Shiferaw Meron W, Zheng Taylor, Winter Abigail, Mike Leigh Ann, Chan Lingtak-Neander
School of Pharmacy, University of Washington, 1959 NE Pacific Street, Box 357630, Seattle, WA, 98195, USA.
BMC Med Inform Decis Mak. 2024 Dec 24;24(1):404. doi: 10.1186/s12911-024-02824-5.
Interactive artificial intelligence tools such as ChatGPT have gained popularity, yet little is known about their reliability as a reference tool for healthcare-related information for healthcare providers and trainees. The objective of this study was to assess the consistency, quality, and accuracy of the responses generated by ChatGPT on healthcare-related inquiries.

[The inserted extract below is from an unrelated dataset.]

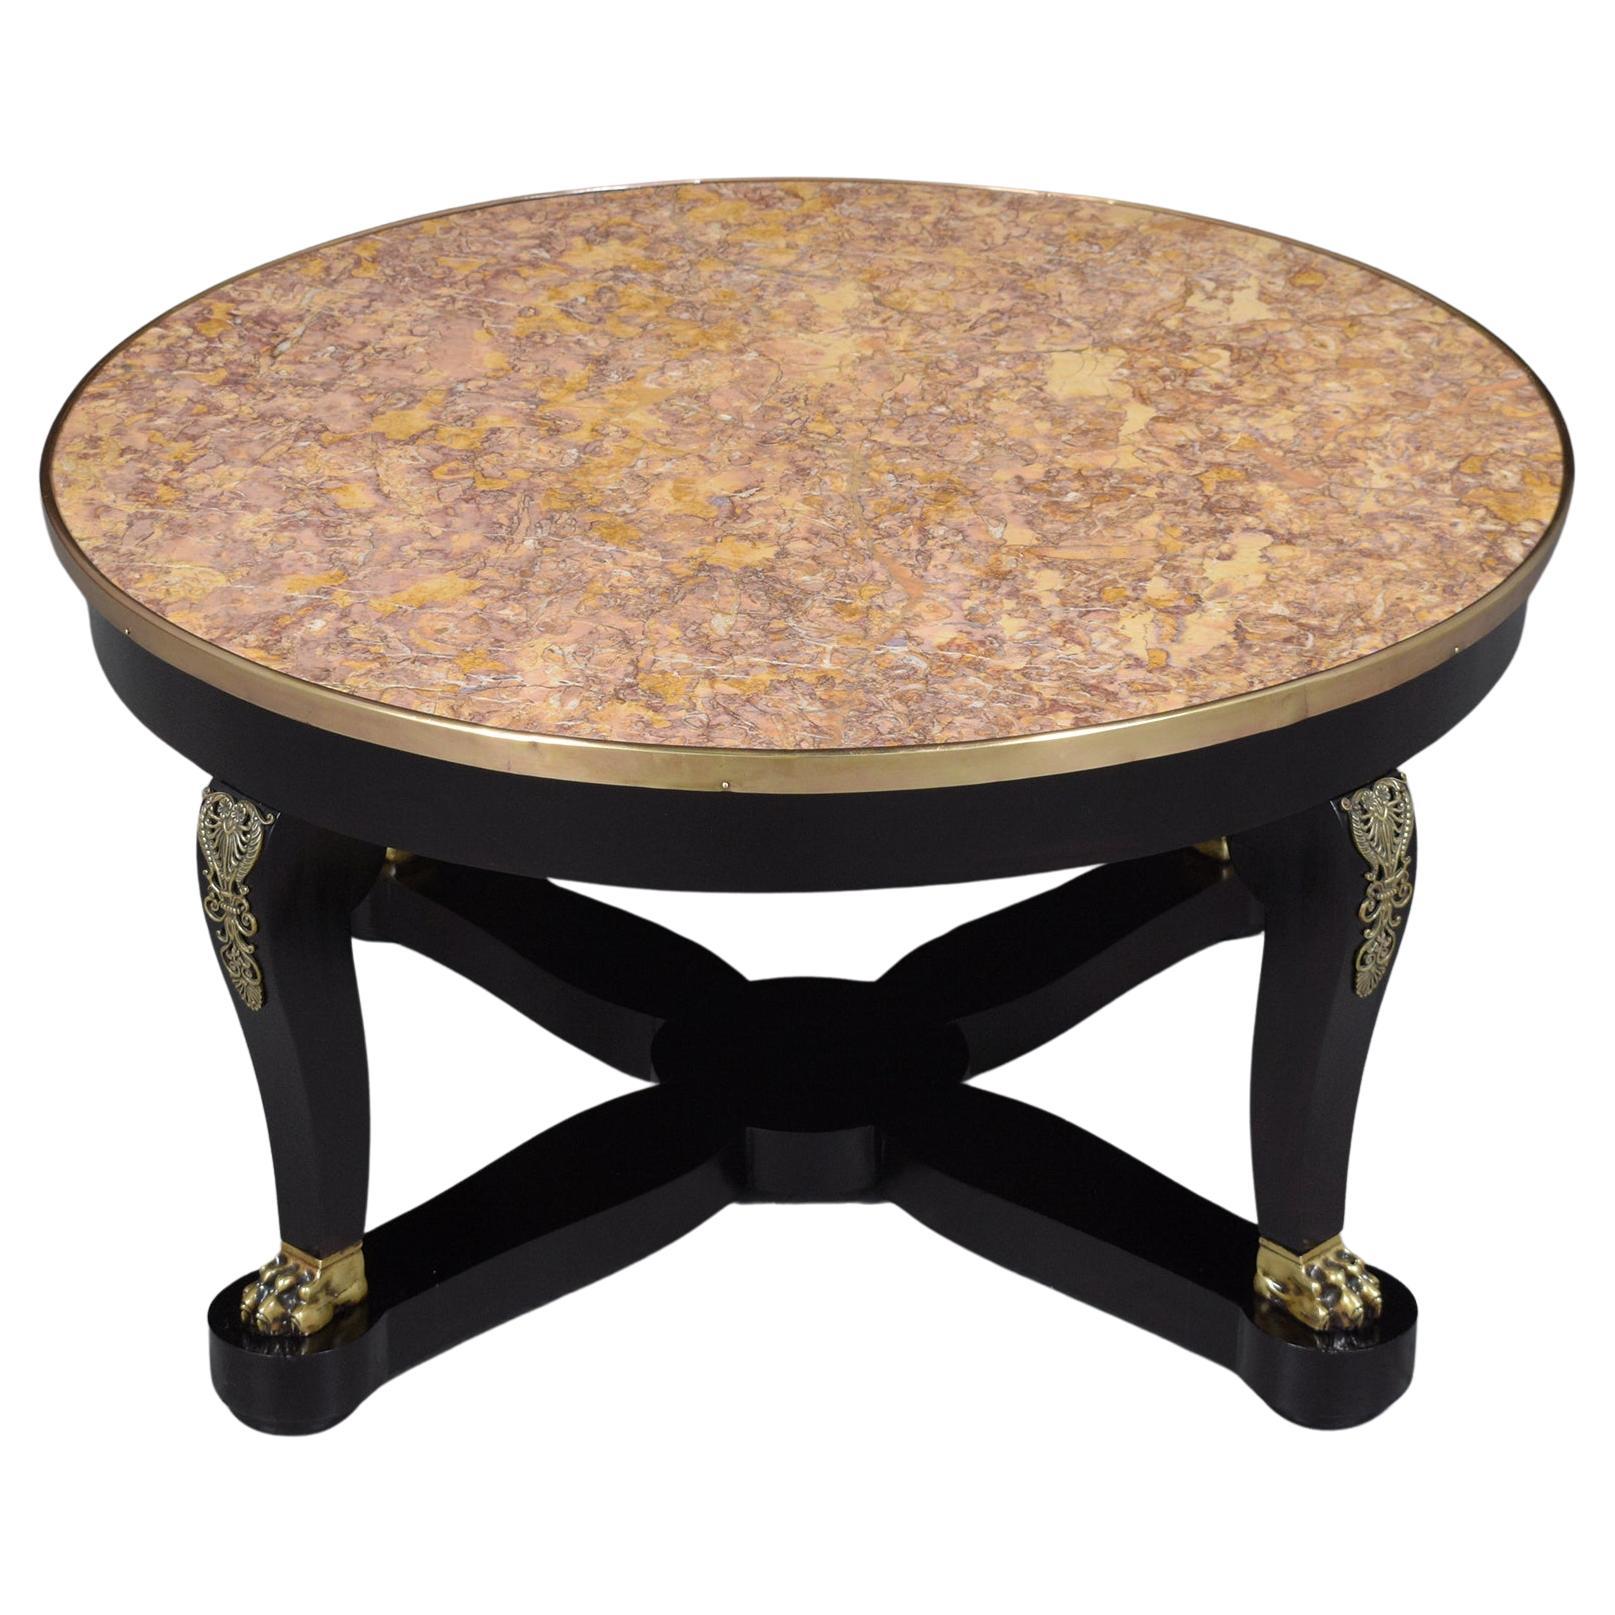 1880s Empire-Style Antique Coffee Table: Historical Elegance Restored
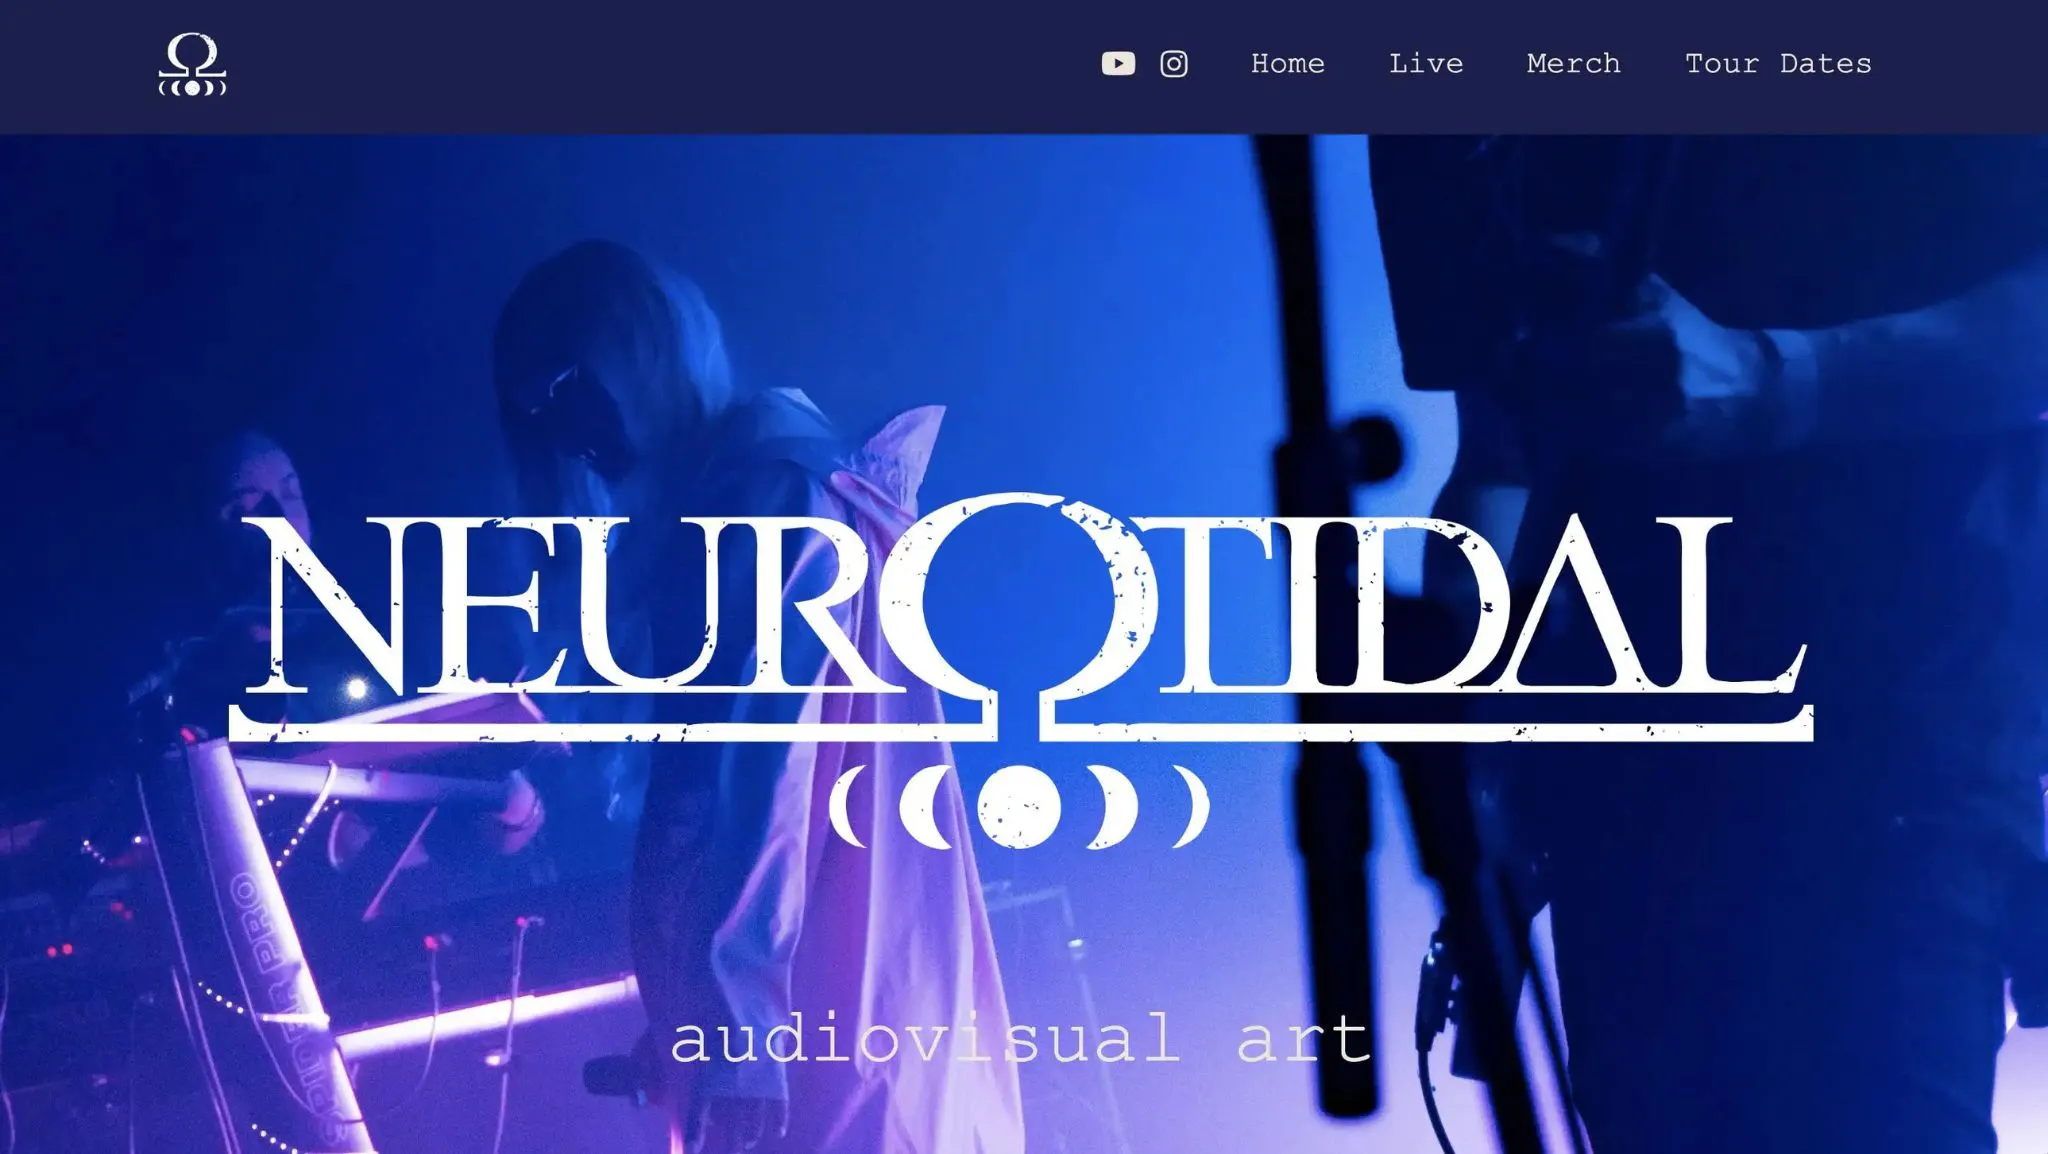 Website created for Metal Band Neurotidal

A total of 18 open-ended questions including six questions in three defined clinical areas (2 each to address "what", "why", and "how", respectively) were submitted to ChatGPT v3.5 based on real-world usage experience. The experiment was conducted in duplicate using 2 computers. Five investigators independently ranked each response using a 4-point scale to rate the quality of the bot's responses. The Delphi method was used to compare each investigator's score with the goal of reaching at least 80% consistency. The accuracy of the responses was checked using established professional references and resources. When the responses were in question, the bot was asked to provide reference material used for the investigators to determine the accuracy and quality. The investigators determined the consistency, accuracy, and quality by establishing a consensus.
The speech pattern and length of the responses were consistent within the same user but different between users. Occasionally, ChatGPT provided 2 completely different responses to the same question. Overall, ChatGPT provided more accurate responses (8 out of 12) to the "what" questions with less reliable performance to the "why" and "how" questions. We identified errors in calculation, unit of measurement, and misuse of protocols by ChatGPT. Some of these errors could result in clinical decisions leading to harm. We also identified citations and references shown by ChatGPT that did not exist in the literature.
ChatGPT is not ready to take on the coaching role for either healthcare learners or healthcare professionals. The lack of consistency in the responses to the same question is problematic for both learners and decision-makers. The intrinsic assumptions made by the chatbot could lead to erroneous clinical decisions. The unreliability in providing valid references is a serious flaw in using ChatGPT to drive clinical decision making.
ChatGPT等交互式人工智能工具已广受欢迎,但对于其作为医疗保健提供者和实习生获取医疗相关信息的参考工具的可靠性,人们了解甚少。本研究的目的是评估ChatGPT对医疗相关问题的回答的一致性、质量和准确性。
根据实际使用经验,向ChatGPT v3.5提交了总共18个开放式问题,包括三个特定临床领域的六个问题(每个领域分别有2个问题,分别涉及“是什么”“为什么”和“如何做”)。使用2台计算机重复进行该实验。五名研究人员使用4分制独立对每个回答进行评分,以评估机器人回答的质量。采用德尔菲法比较每位研究人员的评分,目标是达成至少80%的一致性。使用既定的专业参考文献和资源检查回答的准确性。当回答存在疑问时,要求机器人提供用于研究人员确定准确性和质量的参考材料。研究人员通过达成共识来确定一致性、准确性和质量。
回答的语言模式和长度在同一用户内是一致的,但不同用户之间有所不同。偶尔,ChatGPT会对同一个问题给出两个完全不同的回答。总体而言,ChatGPT对“是什么”问题的回答更准确(12个中有8个),而对“为什么”和“如何做”问题的表现则不太可靠。我们发现ChatGPT存在计算错误、计量单位错误和协议使用不当的问题。其中一些错误可能导致临床决策失误并造成伤害。我们还发现ChatGPT显示的参考文献在文献中并不存在。
ChatGPT还不适用于指导医疗学习者或医疗专业人员。对同一问题的回答缺乏一致性,这对学习者和决策者来说都是个问题。聊天机器人的内在假设可能导致错误的临床决策。在提供有效参考文献方面的不可靠性是使用ChatGPT推动临床决策时的一个严重缺陷。